The Company may remove Customer from the Program without refund if Customer:
- Engages in harassment or abusive conduct;
- Disrupts sessions;
- Violates intellectual property rights;
- Shares confidential information;
- Fails to make payments.
11. NON-DISPARAGEMENT
The Parties agree not to make knowingly false or defamatory statements about one another.
Nothing in this section prohibits truthful statements or lawful reviews.
12. DISCLAIMER OF WARRANTIES
The Program is provided “as is” without warranties of any kind, express or implied, including warranties of merchantability or fitness for a particular purpose.
13. LIMITATION OF LIABILITY
To the maximum extent permitted by law:
The Company’s total liability under this Agreement shall not exceed the total amount paid by Customer.
The Company shall not be liable for indirect, incidental, special, consequential, or punitive damages.
Customer assumes all risks associated with participation.
14. FORCE MAJEURE
The Company shall not be liable for delays or failure to perform due to causes beyond its reasonable control, including but not limited to:
- Illness
- Internet or platform outages
- Government restrictions
- Natural disasters
- Payment processor interruptions
15. DISPUTE RESOLUTION & GOVERNING LAW
This Agreement shall be governed by the laws of the Province of British Columbia and the federal laws of Canada applicable therein.

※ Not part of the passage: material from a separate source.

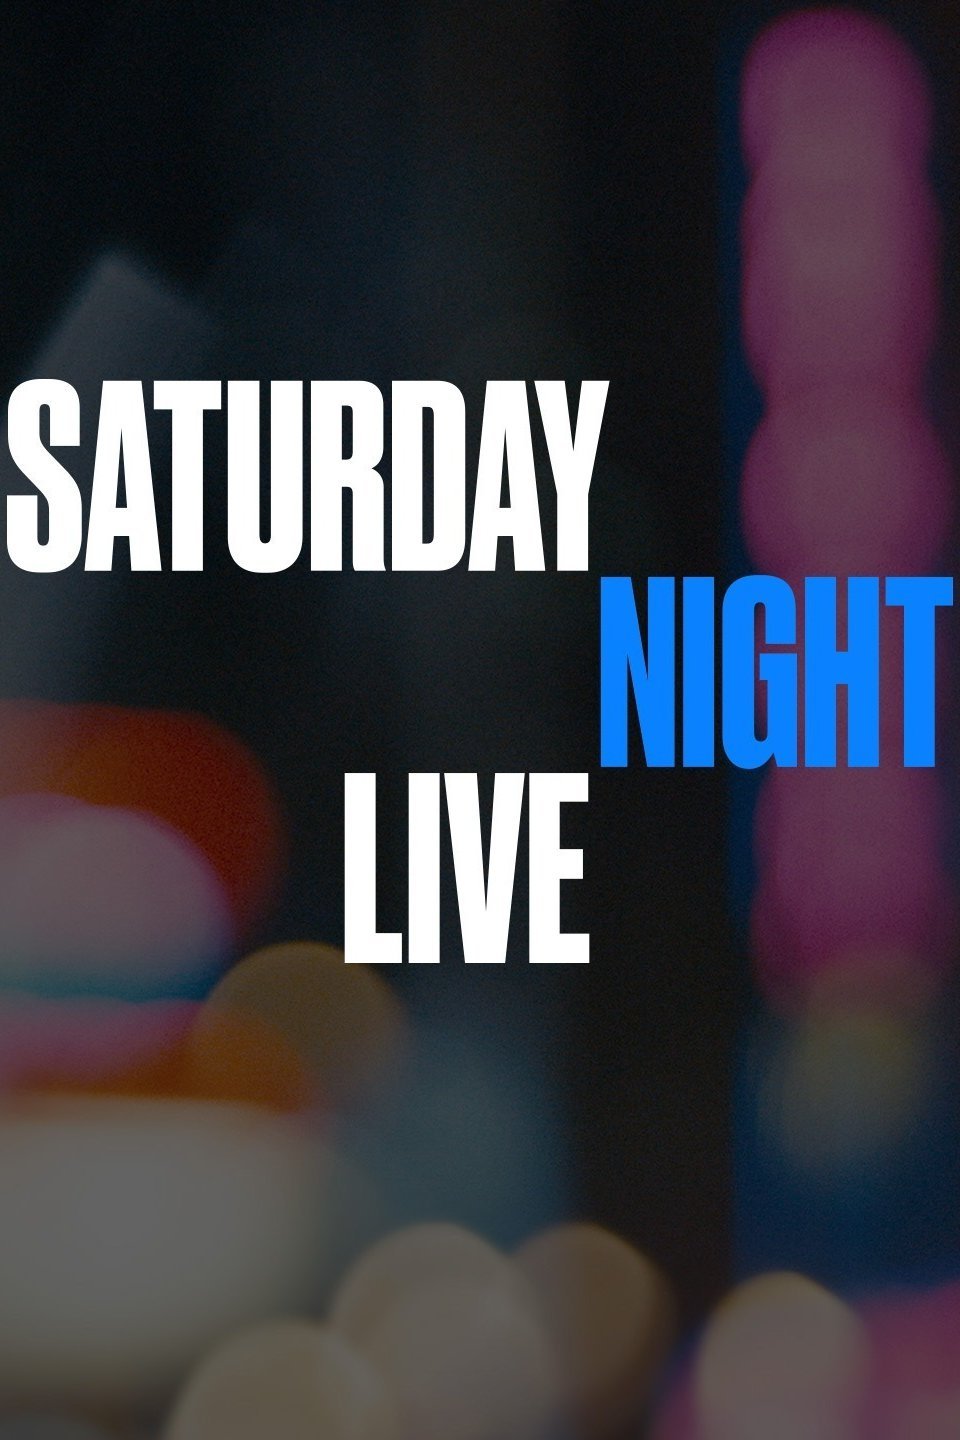 “Saturday Night Live” Lin-Manuel Miranda

Any dispute arising out of or relating to this Agreement shall be resolved by binding arbitration conducted in British Columbia, Canada.
Customer agrees:
- To waive the right to a jury trial;
- To waive participation in any class action or representative proceeding;
- That arbitration shall be the exclusive remedy.
Each party shall bear its own legal fees unless otherwise awarded by the arbitrator.
16. SEVERABILITY
If any provision is found unenforceable, the remaining provisions shall remain in full force and effect.
17. ENTIRE AGREEMENT
This Agreement constitutes the entire agreement between the Parties and supersedes all prior discussions or representations.